I tried to setup a CIFS on a linux server, but failed somehow:-(. I am not sure if it's possible for someone share a CIFS share for me to debug this.

Previously based on the discussion in https://github.com/etcd-io/etcd/issues/9670, CIFS doesn't support sync. Not sure whether it's still the case. Would love to double confirm it if possible.

ahrtr avatar Aug 04 '22 08:08 ahrtr

@ahrtr I dont see any difference in call stack.
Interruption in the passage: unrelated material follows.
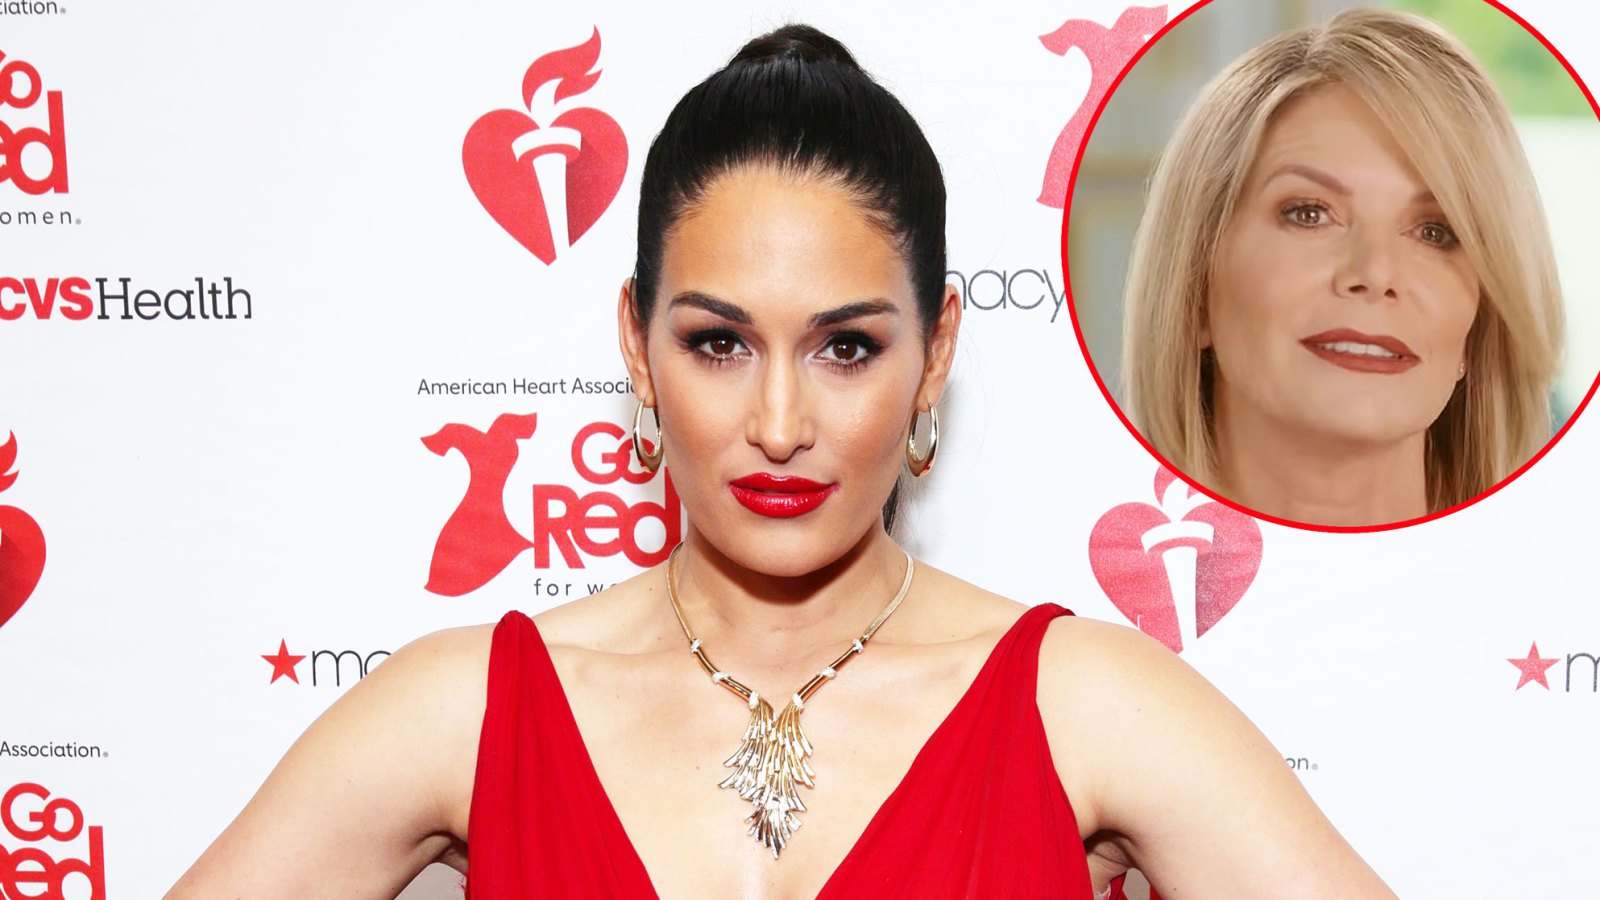 Nikki Bella Reveals Her Mom Learned of Her Sexual Assaults With the Rest of the World

Atleast with the CIFS (cache=strict) I tried, I dont see any error related to sync.

image

hasethuraman avatar Aug 10 '22 04:08 hasethuraman

Just FYI

https://bugzilla.kernel.org/show_bug.cgi?id=216301

hasethuraman avatar Sep 12 '22 13:09 hasethuraman

@ahrtr do you think we can document before closing this defect? I dont know if etcd or boltdb can cover up this issue.

hasethuraman avatar Sep 27 '22 04:09 hasethuraman

Probably we can add a known issues section in boltDB/README.md.

BoltDB doesn't work with CIFS file share mounted with cache=none, but it works with CIFS mounted with cache=strict. 

What do you think? @spzala

ahrtr avatar Sep 27 '22 05:09 ahrtr

This issue has been automatically marked as stale because it has not had recent activity. It will be closed after 21 days if no further activity occurs. Thank you for your contributions.

stale[bot] avatar Mar 18 '23 09:03 stale[bot]